A ben vedere, non potrebbe essere altrimenti, se partiamo dal dato in base al quale il covid penetra nell’organismo sfruttando le capacità di trasporto di una determinata proteina, l’ACE2, la stessa che i vasi arteriosi e venosi utilizzano per mettere a segno le funzioni fisiologiche essenziali tra le quali la circolazione sanguigna. Non è causale, dunque, se fra i pazienti che hanno avuto bisogno di essere intubati nelle orami tristemente famose “terapie intensive”, ci sono i pazienti cardiovascolari che presentavano (e presentano) una o più delle surriferite comorbilità cardiovascolari.

Sul versante della terapia anticovid, s’è visto che il ricorso agli antivirali, sperimentati negli anni per la cura di Ebola, dell’HIV e di altre malattie che evolvono attraverso il contagio interpersonale, possono avere delle tossicità per il miocardio e per altri componenti cardiaci. Unica eccezione, a quanto pare, l’ibuprofene, l’antinfiammatorio non-steroideo che, pur avendo pesanti effetti collaterali per vari distretti, sembra risparmi quello cardiovascolare.
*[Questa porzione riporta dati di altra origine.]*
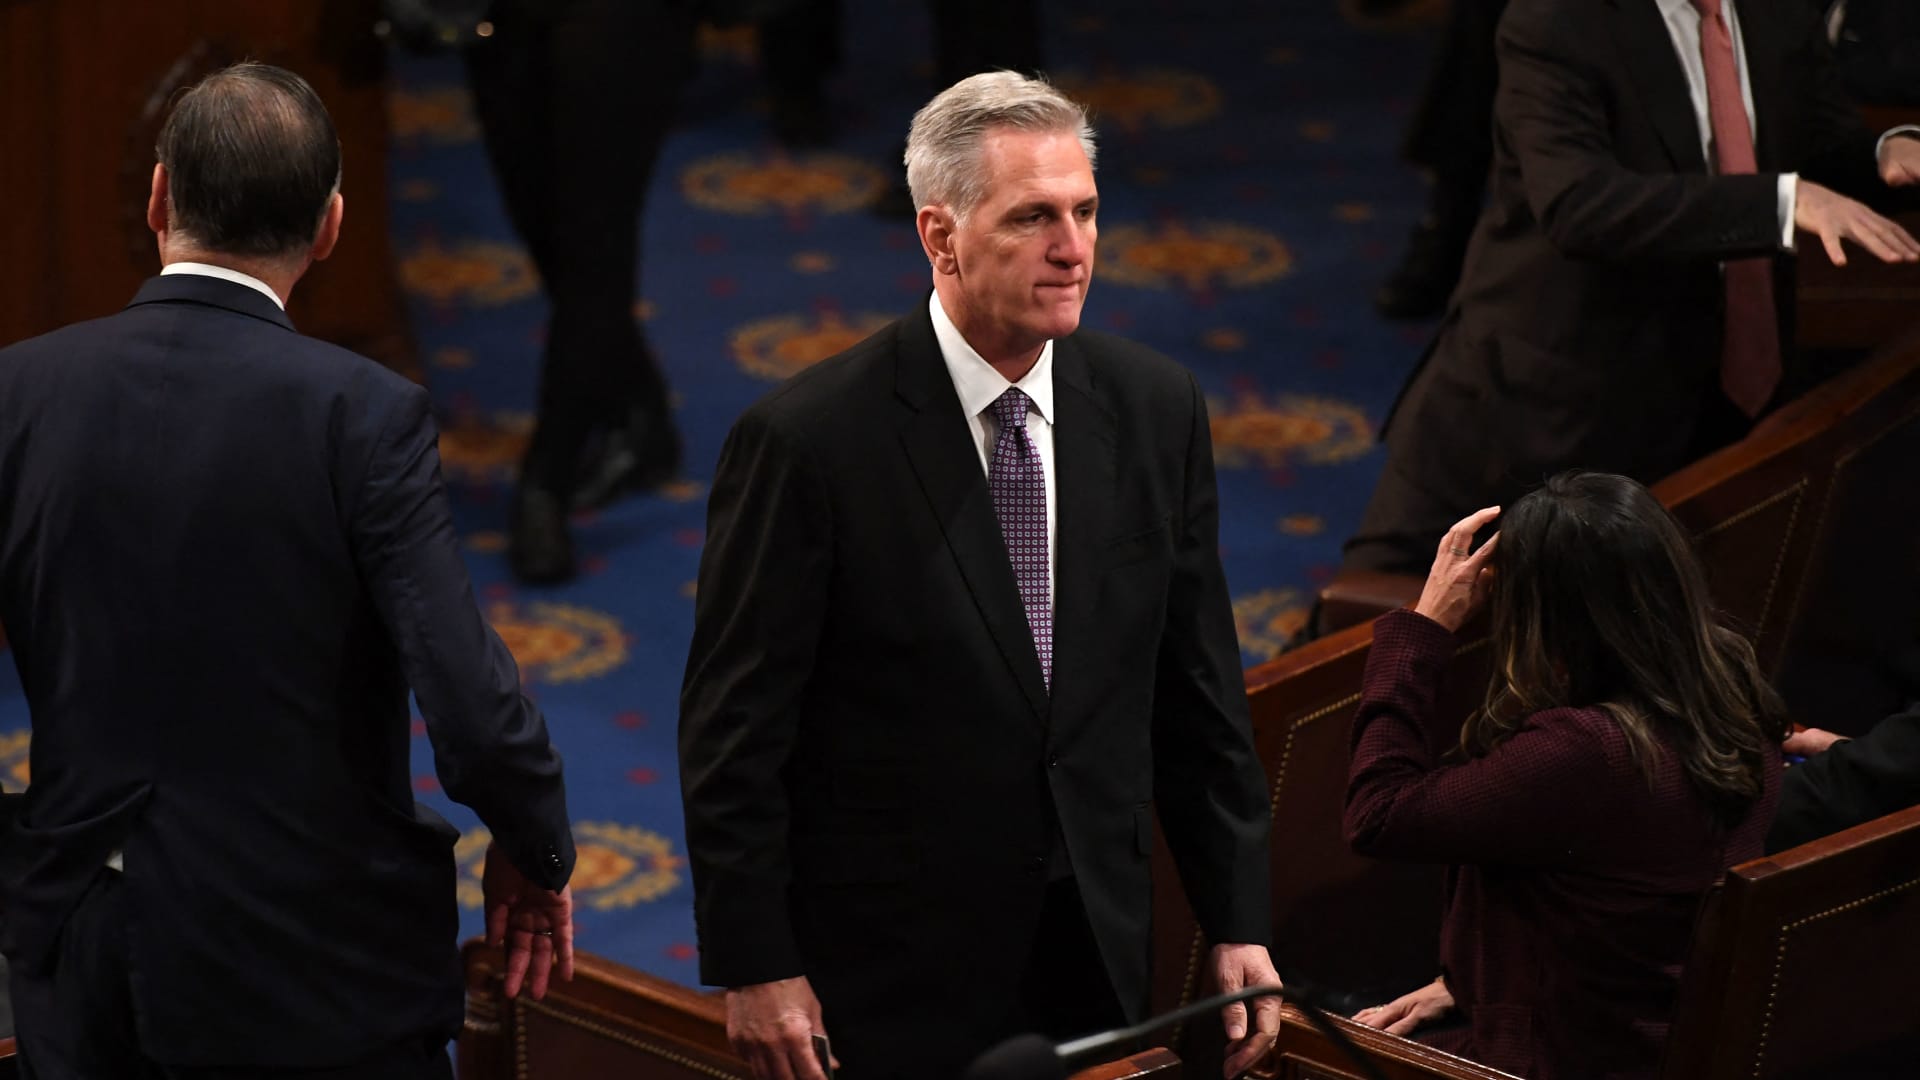 US Republican Representative from California Kevin McCarthy arrives as the US House of Representatives continues voting for new speaker at the US Capitol in Washington, DC, January 4, 2023.

A questo punto della pandemia, si stanno sperimentando nuove terapie che fra i vari benefici si prefiggono di salvaguardare maggiormente la salute di cuore e arterie. Nel dettaglio, per avere una visione più chiara del legame che intercorre fra la proteina ACE2 che funge da carrier per il virus e l’effetto sull’angiostatina (la proteina in grado di inibire la vascolarizzazione) di alcuni farmaci per il controllo dell’ipertensione, come gli Ace-inibitori e i sartani, la clinica suggerisce che finora non sarebbero emersi casi critici tali sconsigliarne l’uso. Nulla di negativo è finora emerso a carico di questi farmaci, ragion per cui chi dovesse interromperne l’utilizzo ex abrupto si vedrebbe esposto ai soli rischi dettati da una sospensione improvvisa, oppure a quelli connessi con dei cambiamenti di principio attivo ancora da verificare.